Show that this quasi-geodesic ray is not Gromov hyperbolic?

Question

Consider the spiral (t, log(1+t)) (given in polar coordinates); it inherits the Euclidean metric from the plane. I have to show that this spiral (a quasi-geodesic) is not Gromov hyperbolic. In other words, it isn't hyperbolic for any > 0. I've been stuck on this problem for a while now. My professor suggested that I should use the 4-point condition, but I haven't gotten anywhere with that either. Any ideas?

Answer 1

Hints:

Step 1. Show that your spiral is Hausdorff-close to the spiral $S$ given in polar coordinates by the parameteric equation $$ (r, \log(r)), r\ge 1. $$

Step 2. Verify that the spiral $S$ is not 0-hyperbolic.

Step 3. Verify that the spiral $S$ maps into itself under the sequence of dilations $$ f_n: (r, \theta)\mapsto (e^{2\pi n} r, \theta), n\in {\mathbb N}, $$ i.e. $f_n(S)\subset S$ for each $n$.

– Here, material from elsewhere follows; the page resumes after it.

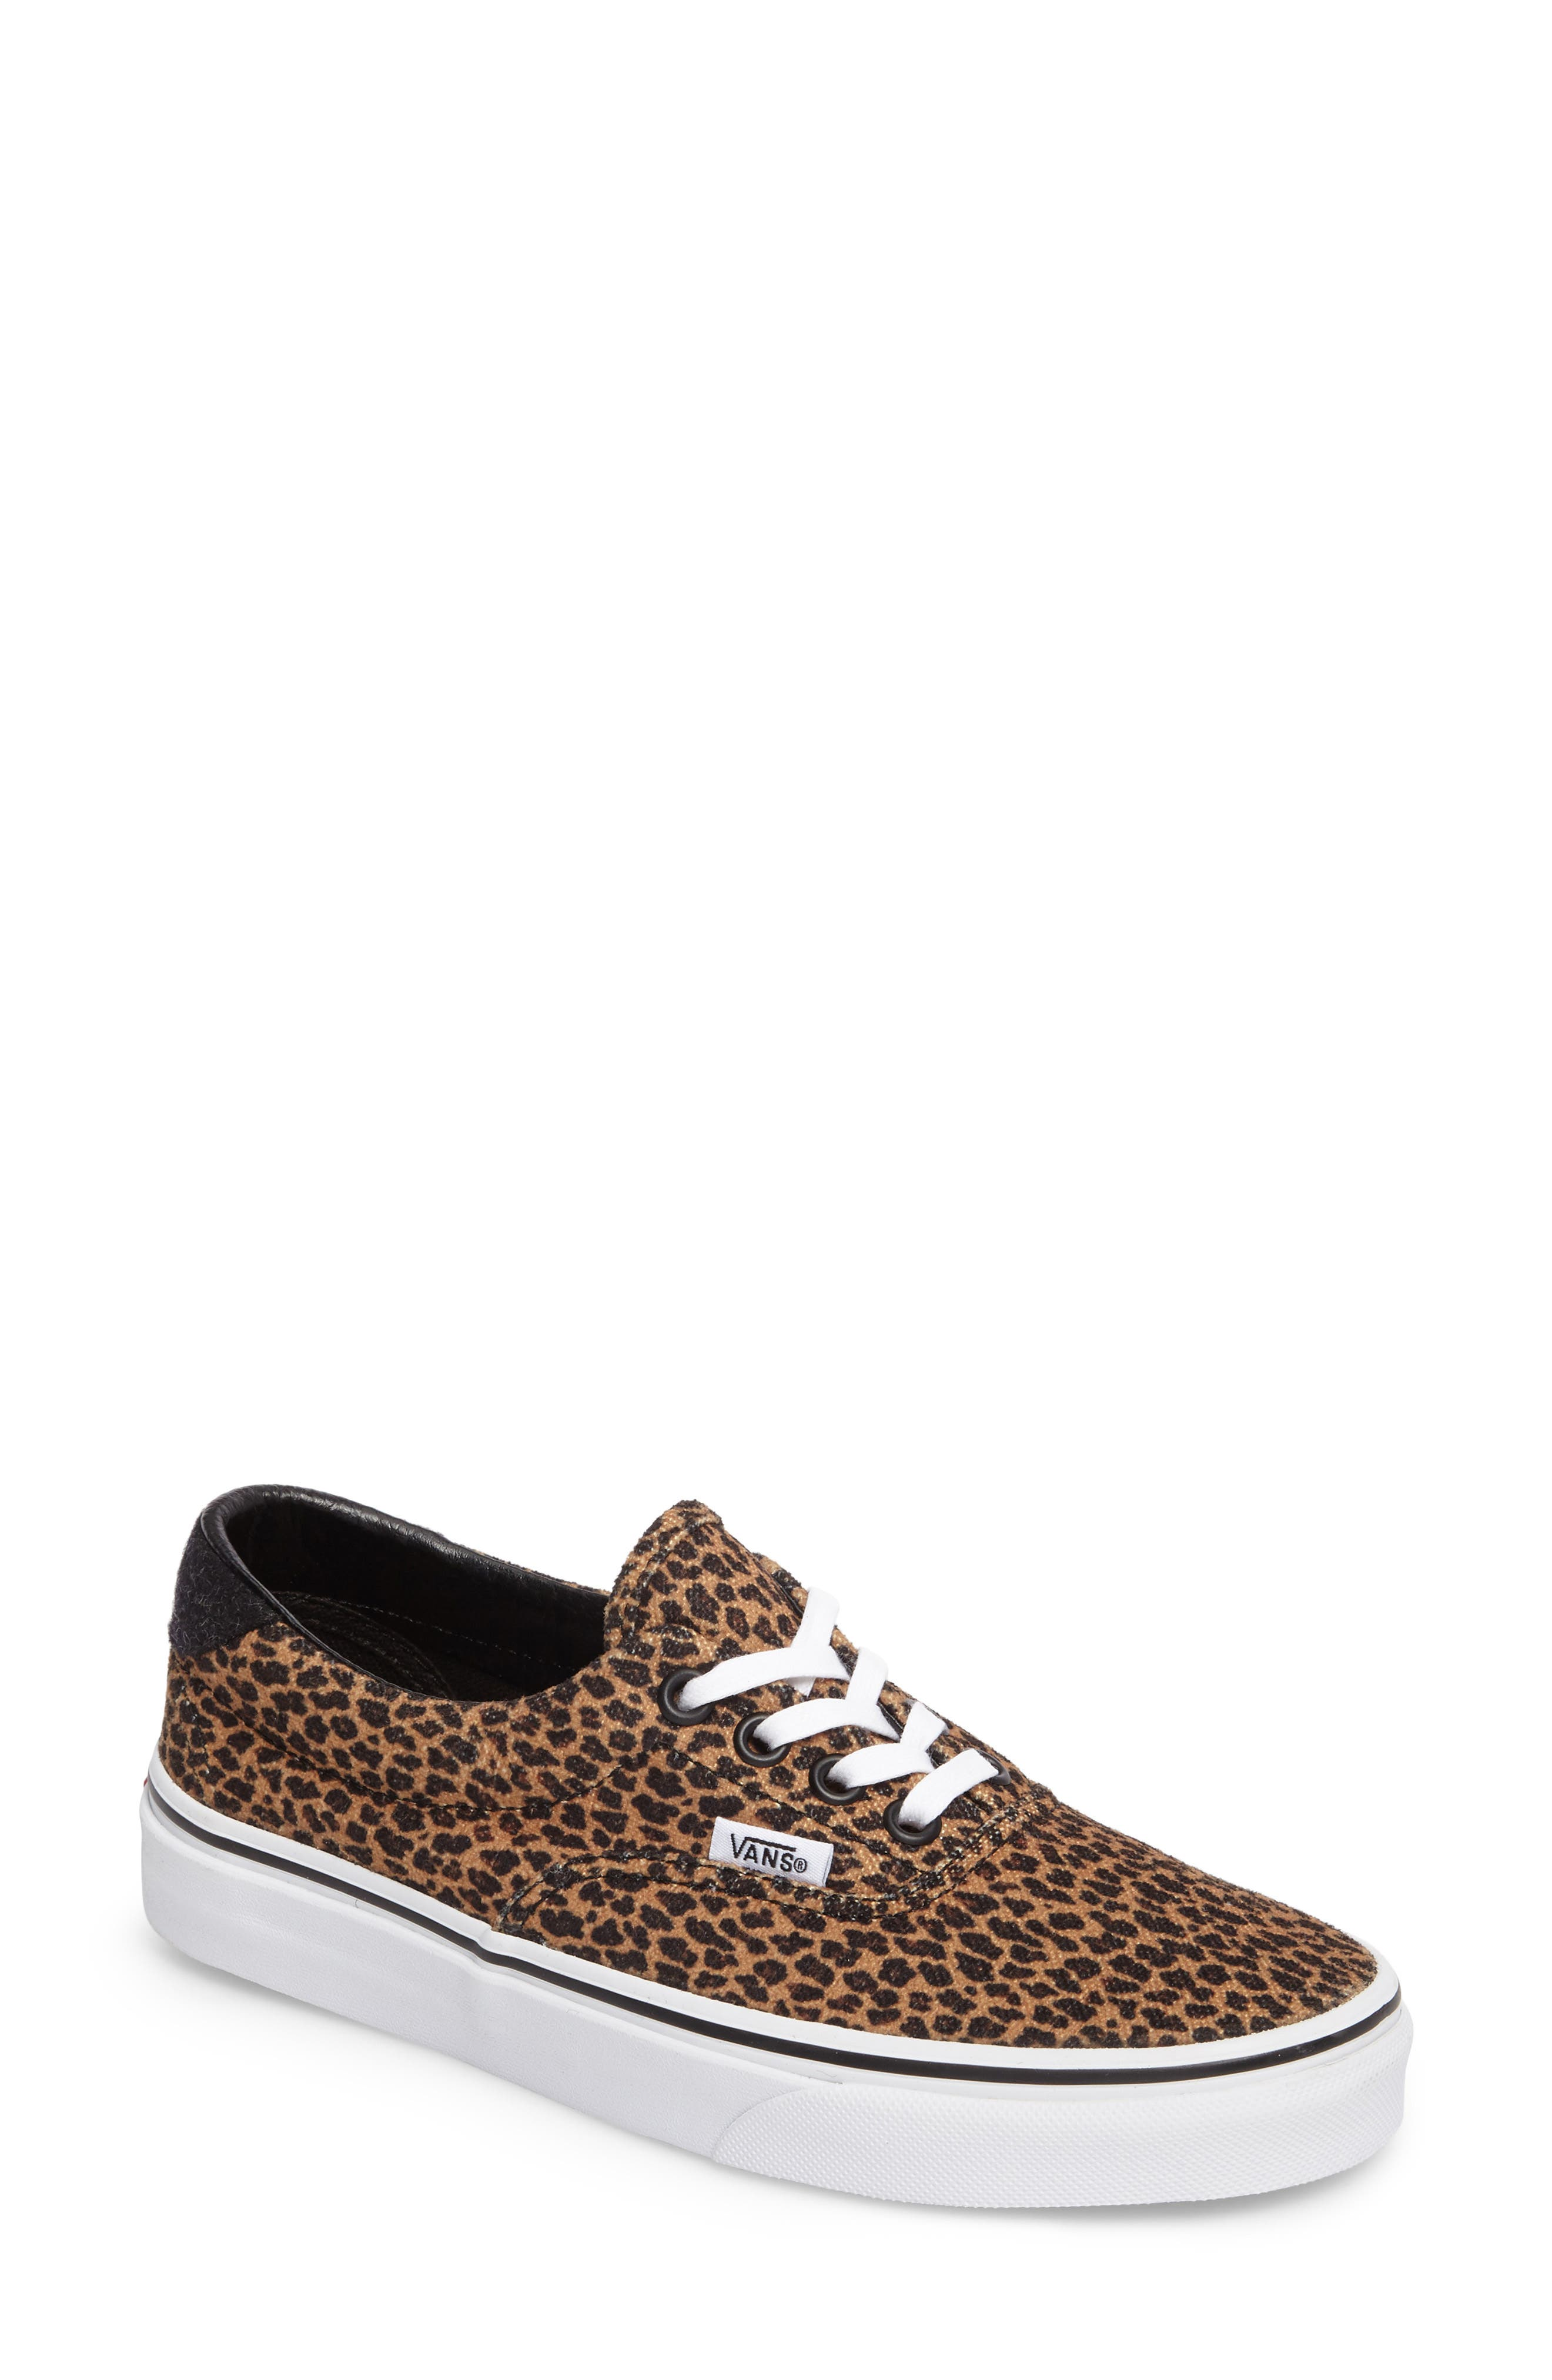 Vans Era 59 Sneaker (Women)

Step 4. Combine steps 2 and 3 to conclude that $S$ is not $\delta$-hyperbolic for any $\delta<\infty$.

Step 5. Make the same conclusion for the original spiral using Step 1 and your knowledge (I assume you know this staff) that the 4-point hyperbolicity is preserved under $(1,C)$-quasi-isometries.